Without the pictures, retype each line below exactly as it stands.

#### Collected data
··········

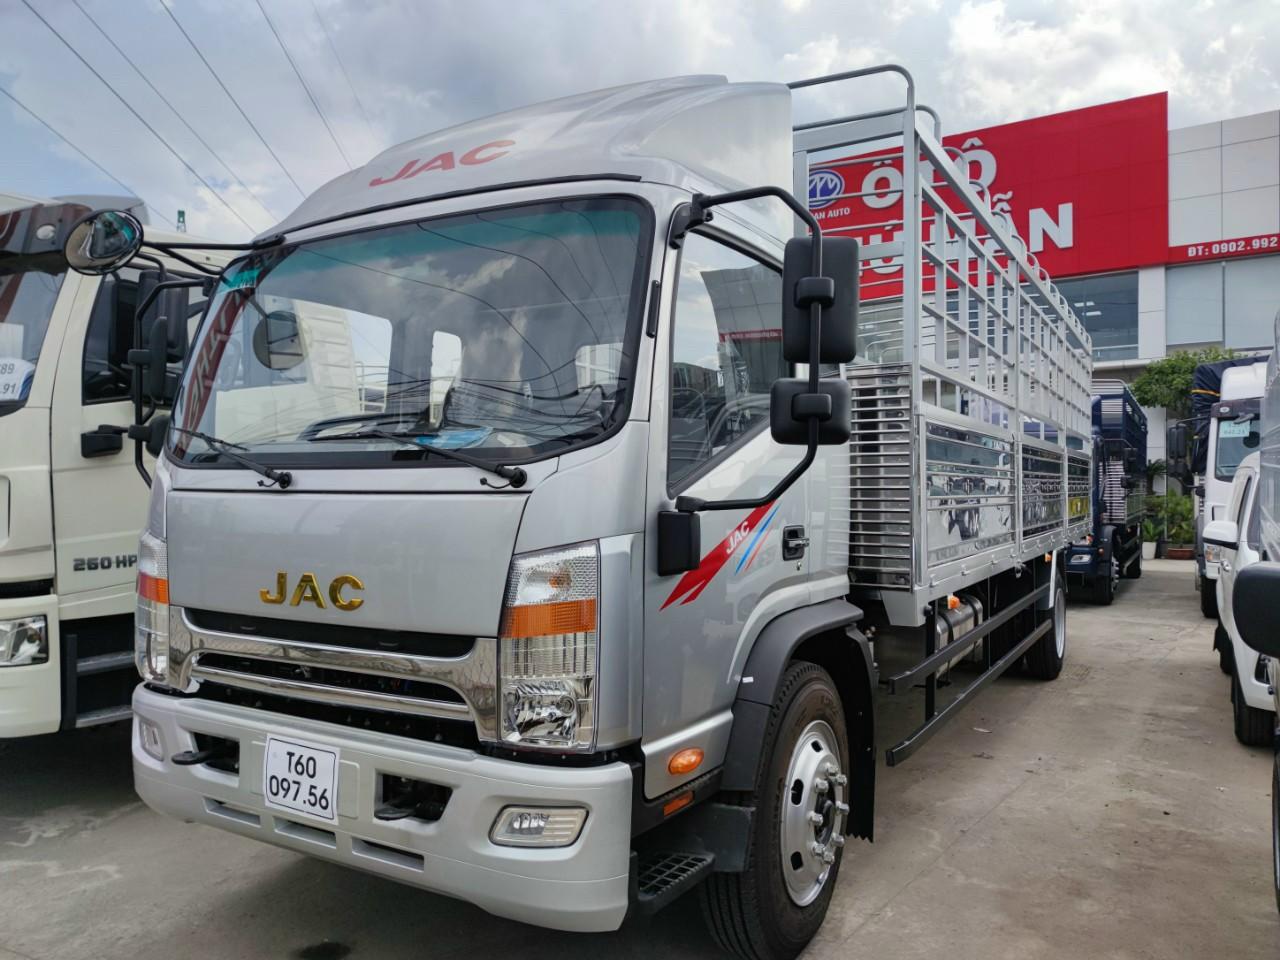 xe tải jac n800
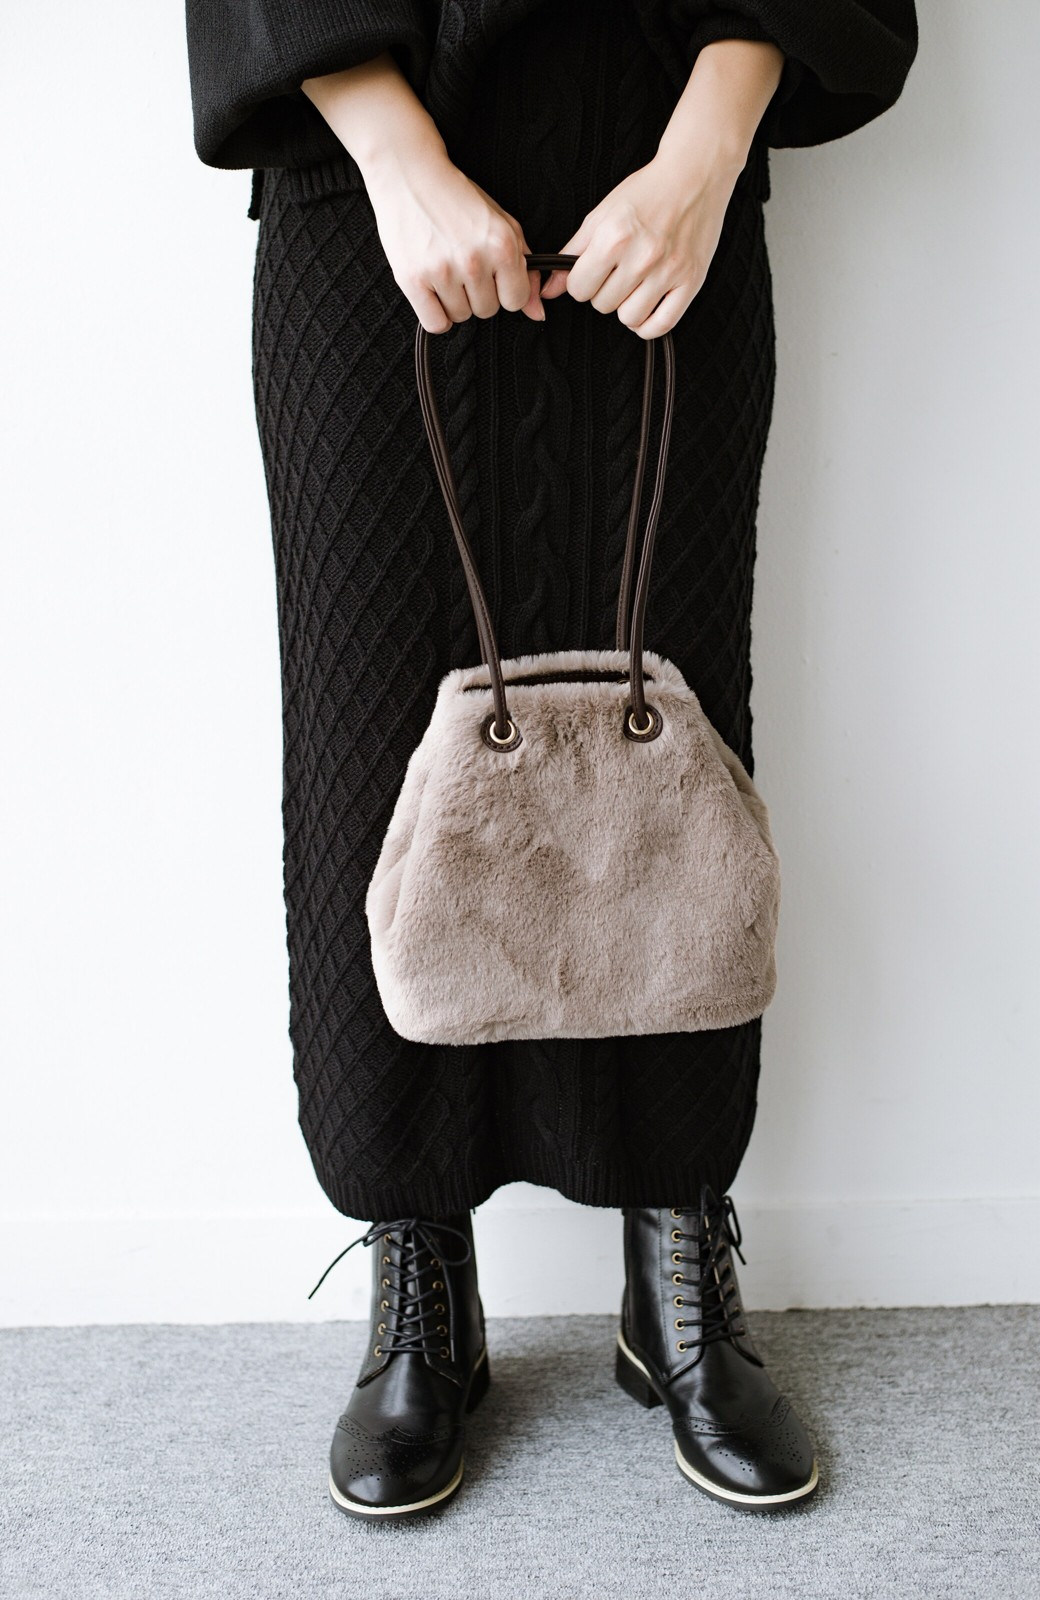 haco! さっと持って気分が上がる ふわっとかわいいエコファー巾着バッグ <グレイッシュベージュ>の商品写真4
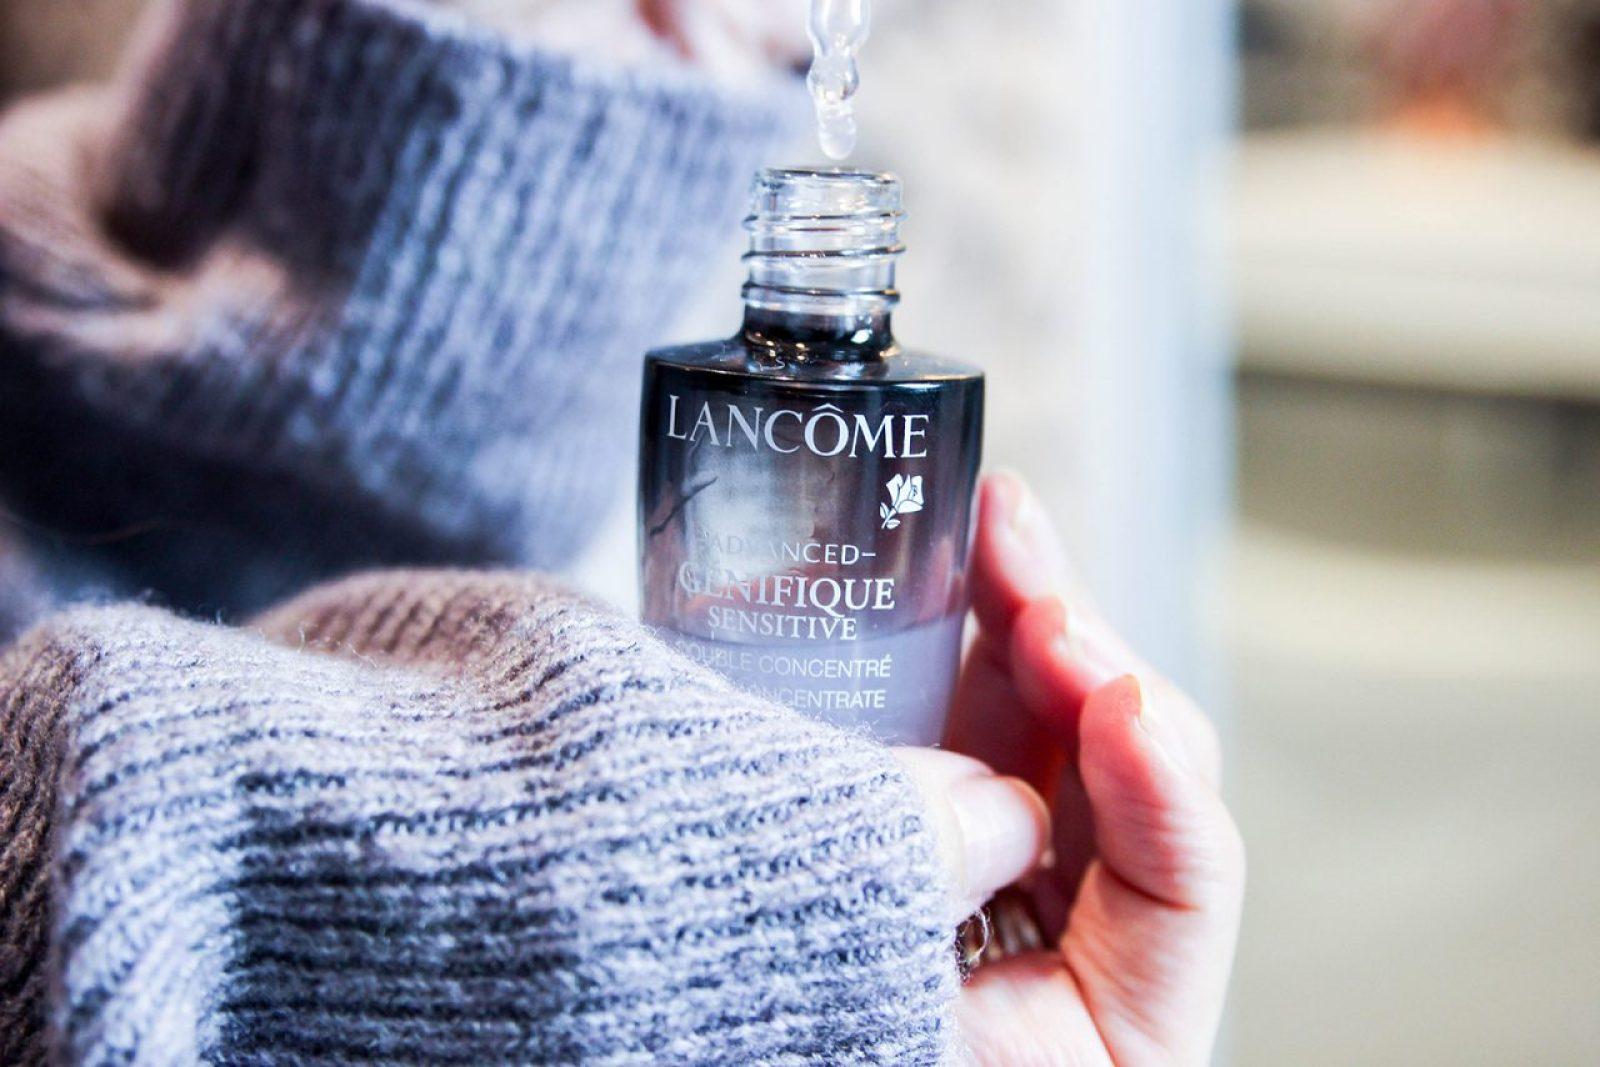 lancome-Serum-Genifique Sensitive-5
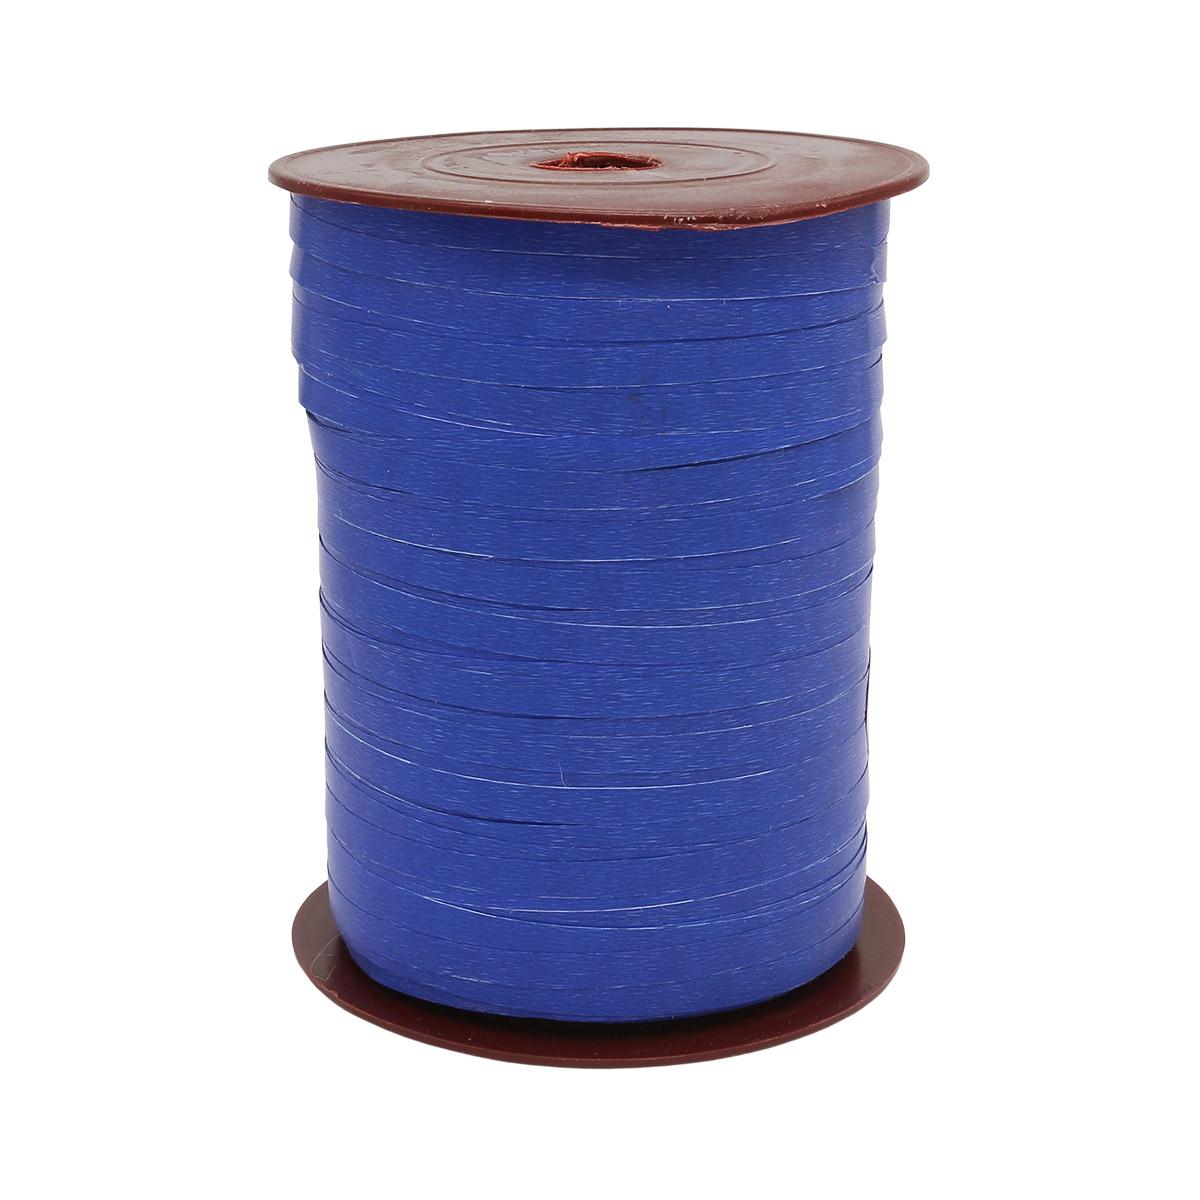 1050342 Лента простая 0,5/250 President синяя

··········

#### Solved problem
 xe tải jac n800
 haco! さっと持って気分が上がる ふわっとかわいいエコファー巾着バッグ <グレイッシュベージュ>の商品写真4
 lancome-Serum-Genifique Sensitive-5
 1050342 Лента простая 0,5/250 President синяя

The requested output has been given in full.